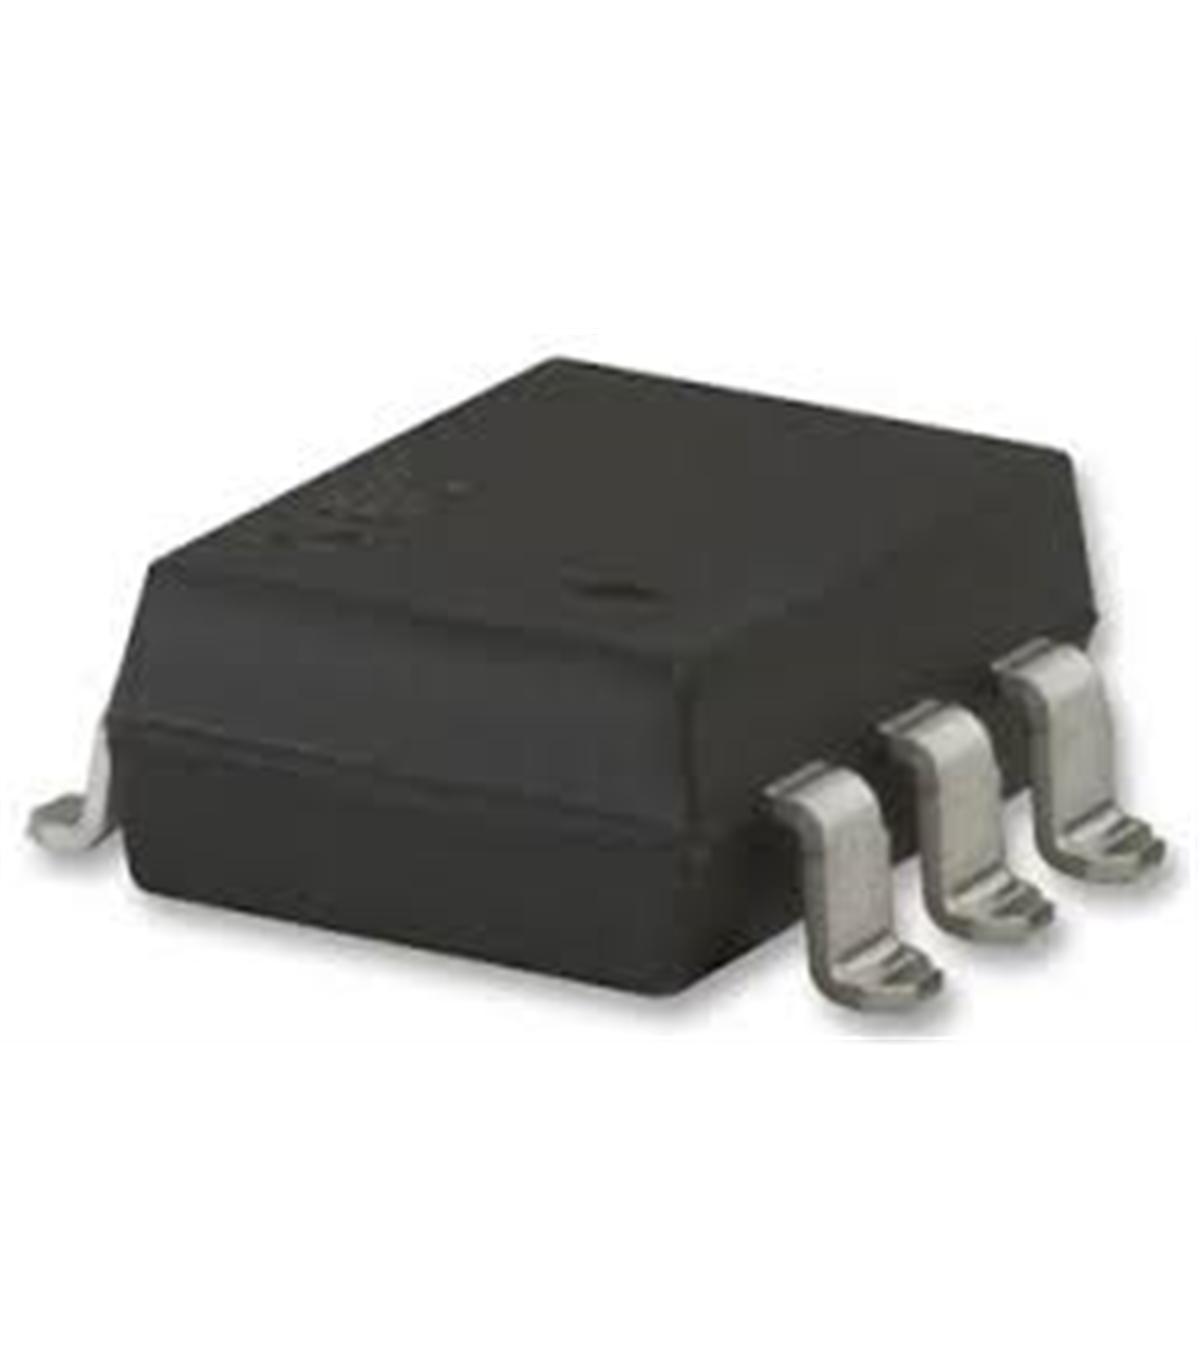 Circuito Optoacoplador : Tlp circuito integrado optoacoplador sdip electronica
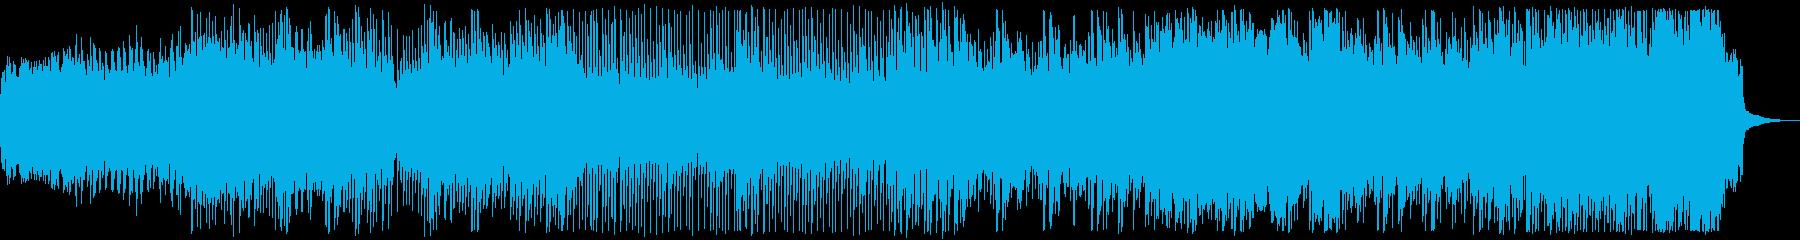 和風テイストの曲の再生済みの波形
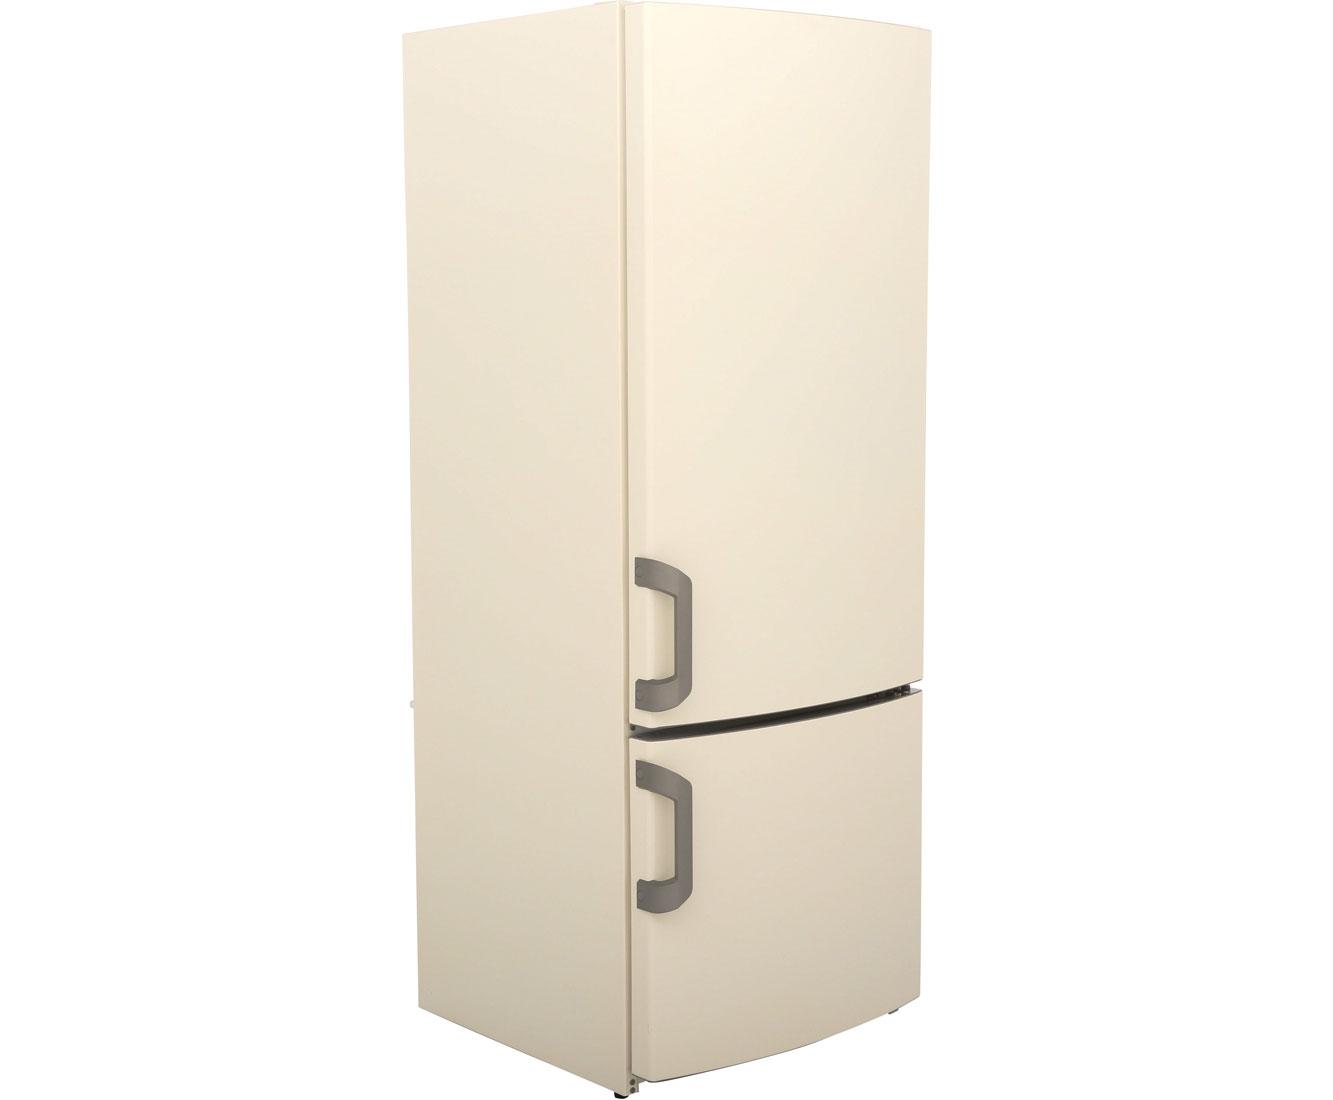 Gorenje Kühlschrank Media Markt : Coolmatic kompressor kühlschrank preisvergleich u die besten
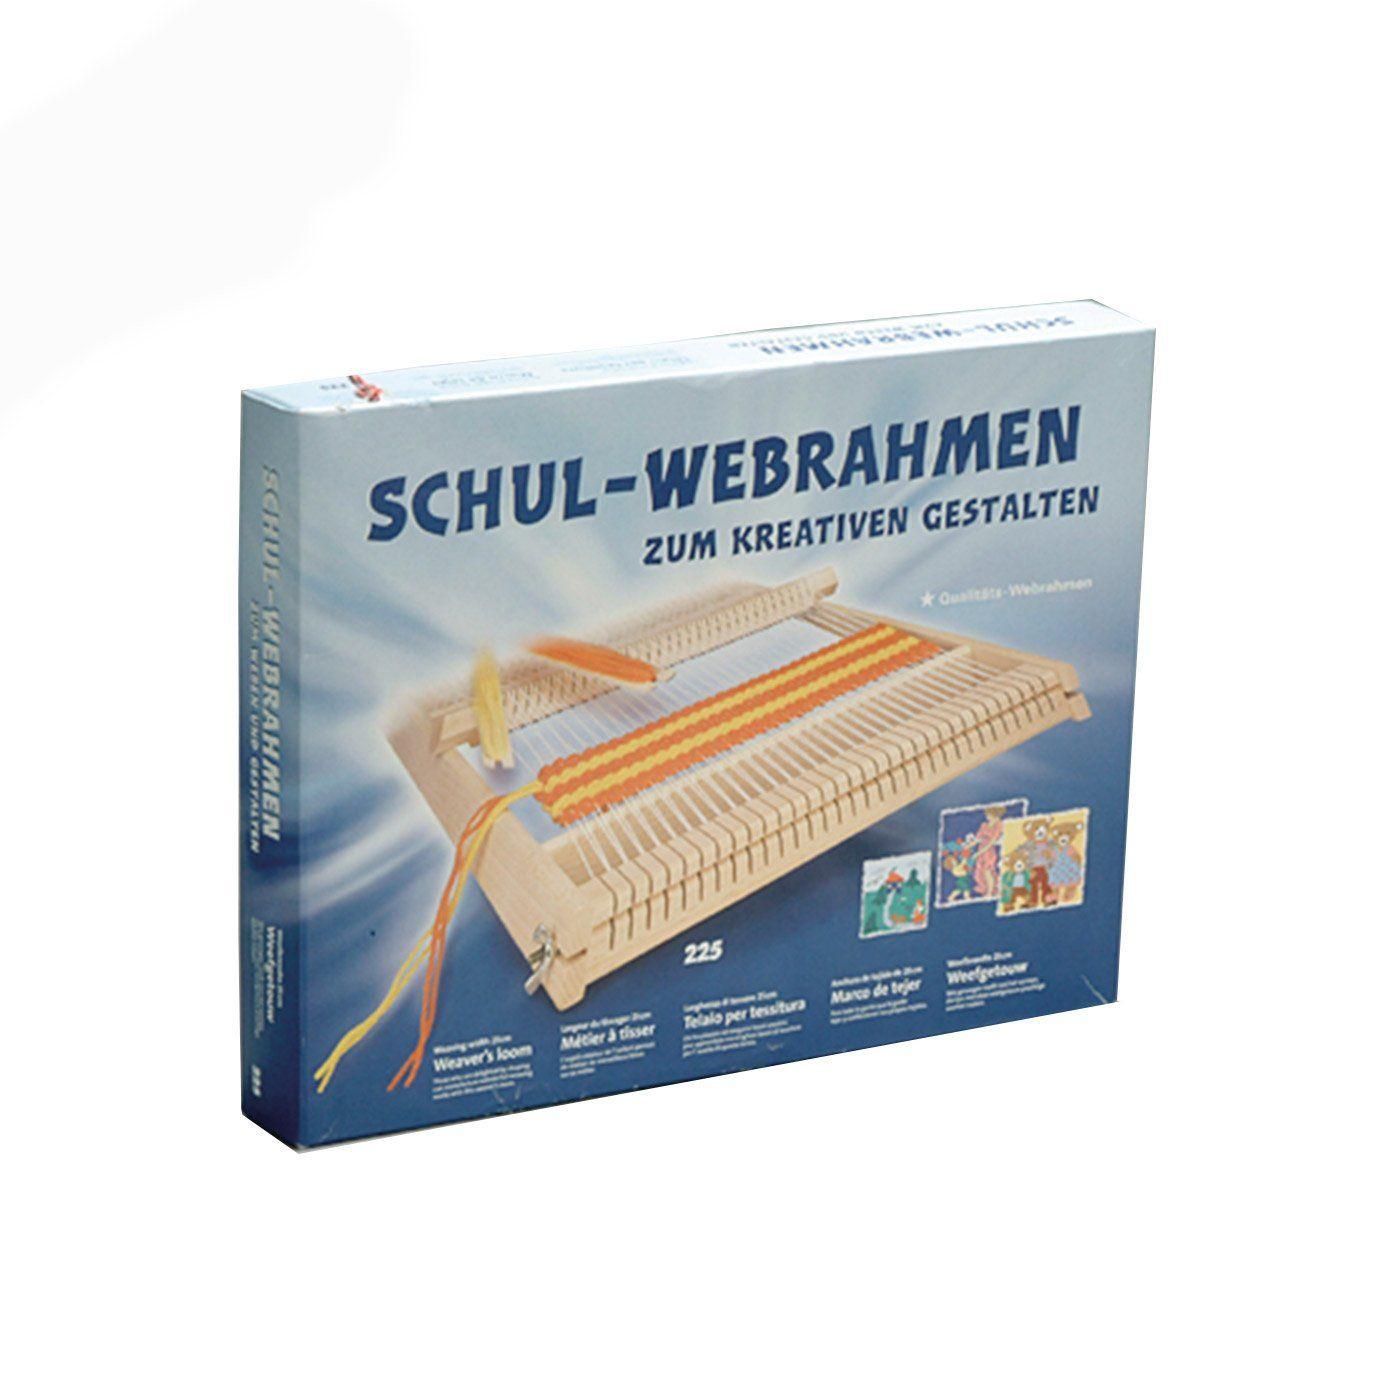 Telaio per bambini in legno di allg uer webrahmen un bel for Cerco in regalo tutto per bambini
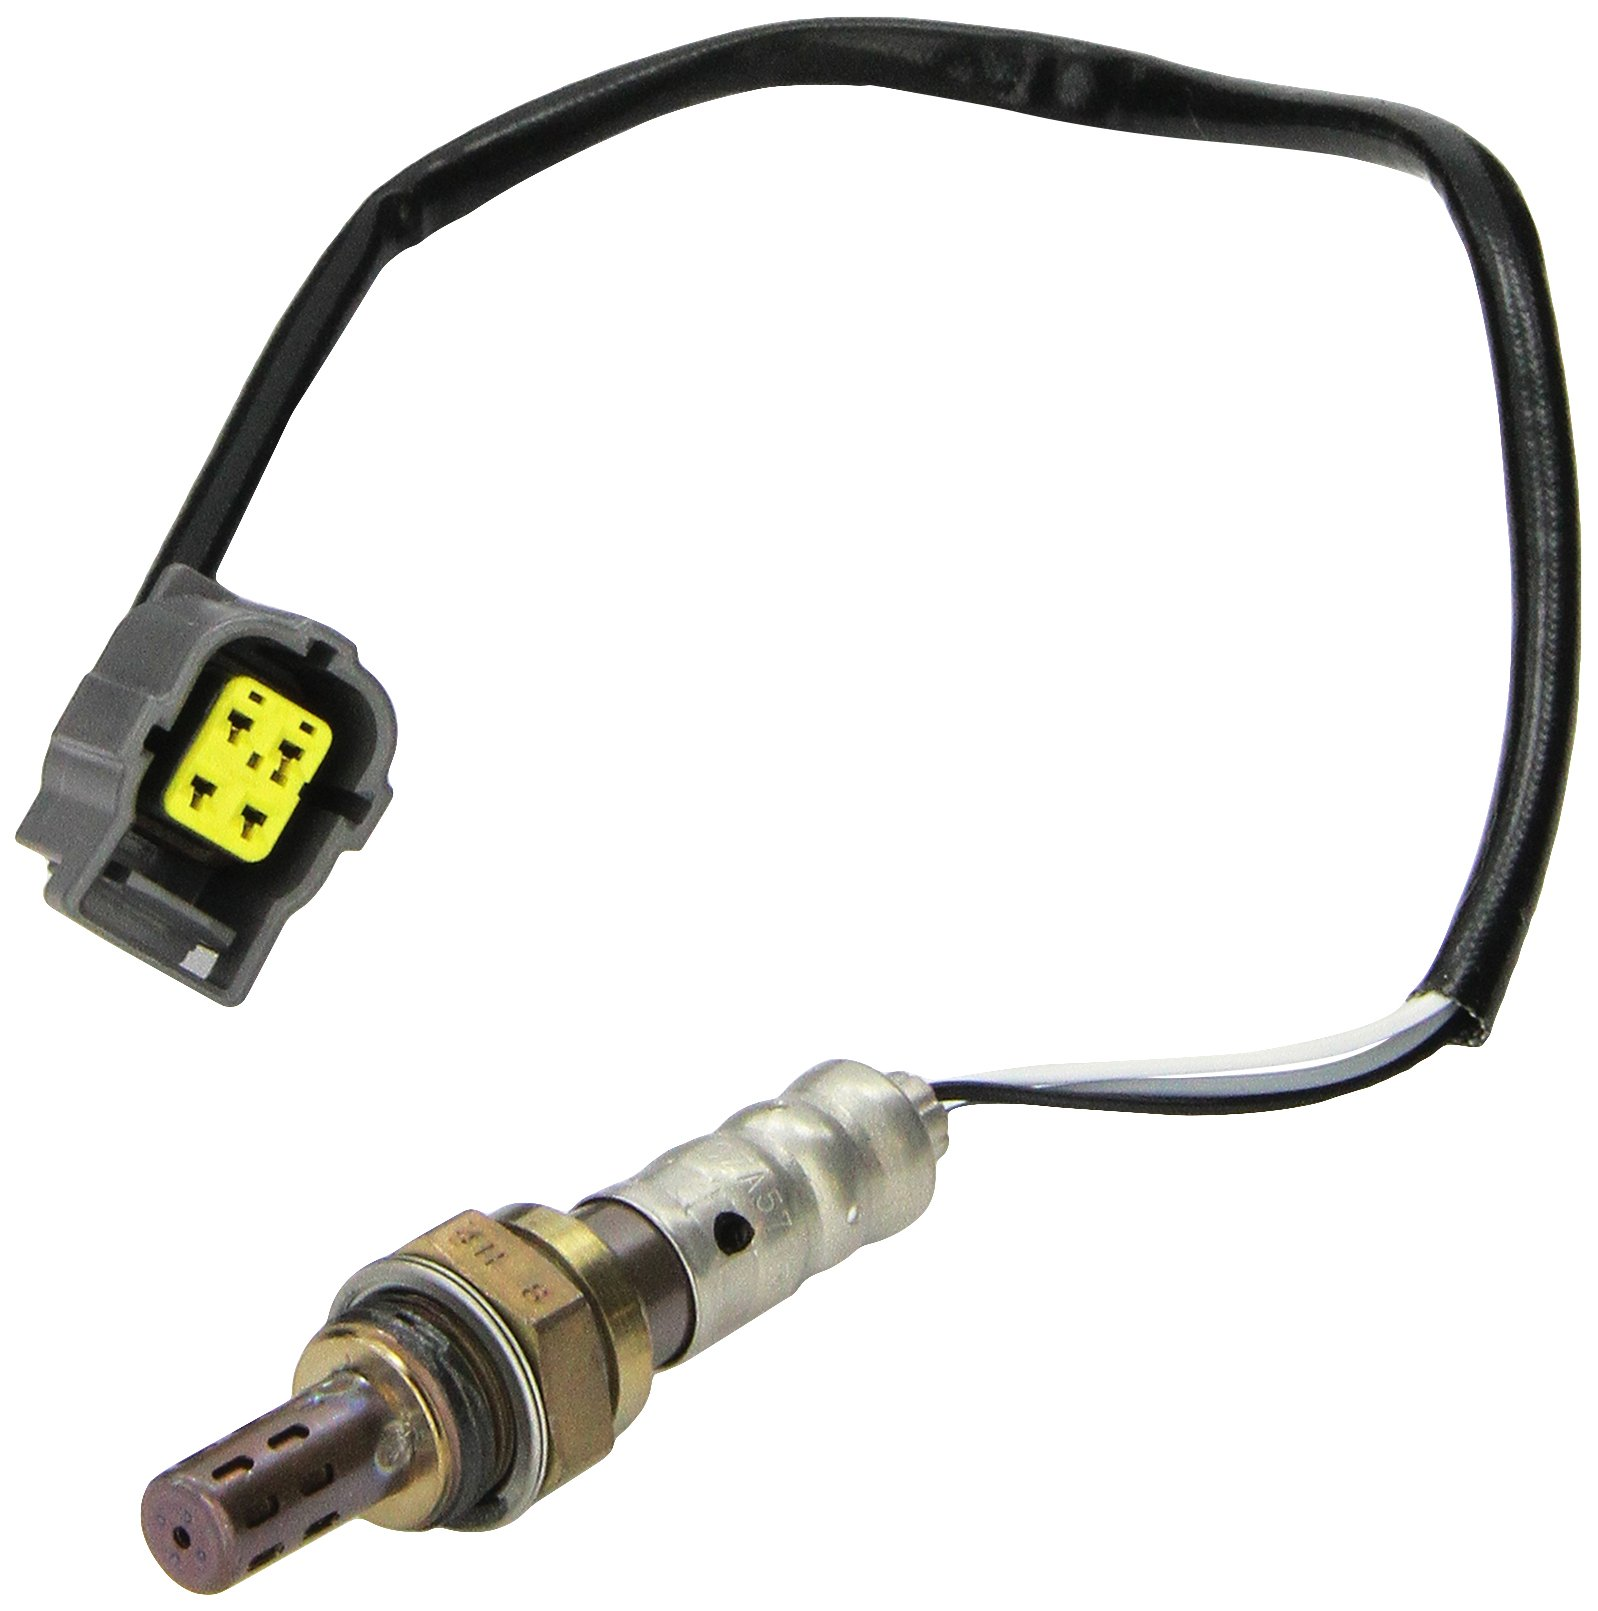 NGK 23158 Oxygen Sensor - NGK/NTK Packaging by NGK

——————————

**REQUIRED WORK**
The response must restate exactly the lines from the one containing "Gorenje Kühlschrank Media" through the end of the records above and must leave out all pictures.

**EXPECTED ANSWER**
 Gorenje Kühlschrank Media Markt : Coolmatic kompressor kühlschrank preisvergleich u die besten
 Telaio per bambini in legno di allg uer webrahmen un bel for Cerco in regalo tutto per bambini
 NGK 23158 Oxygen Sensor - NGK/NTK Packaging by NGK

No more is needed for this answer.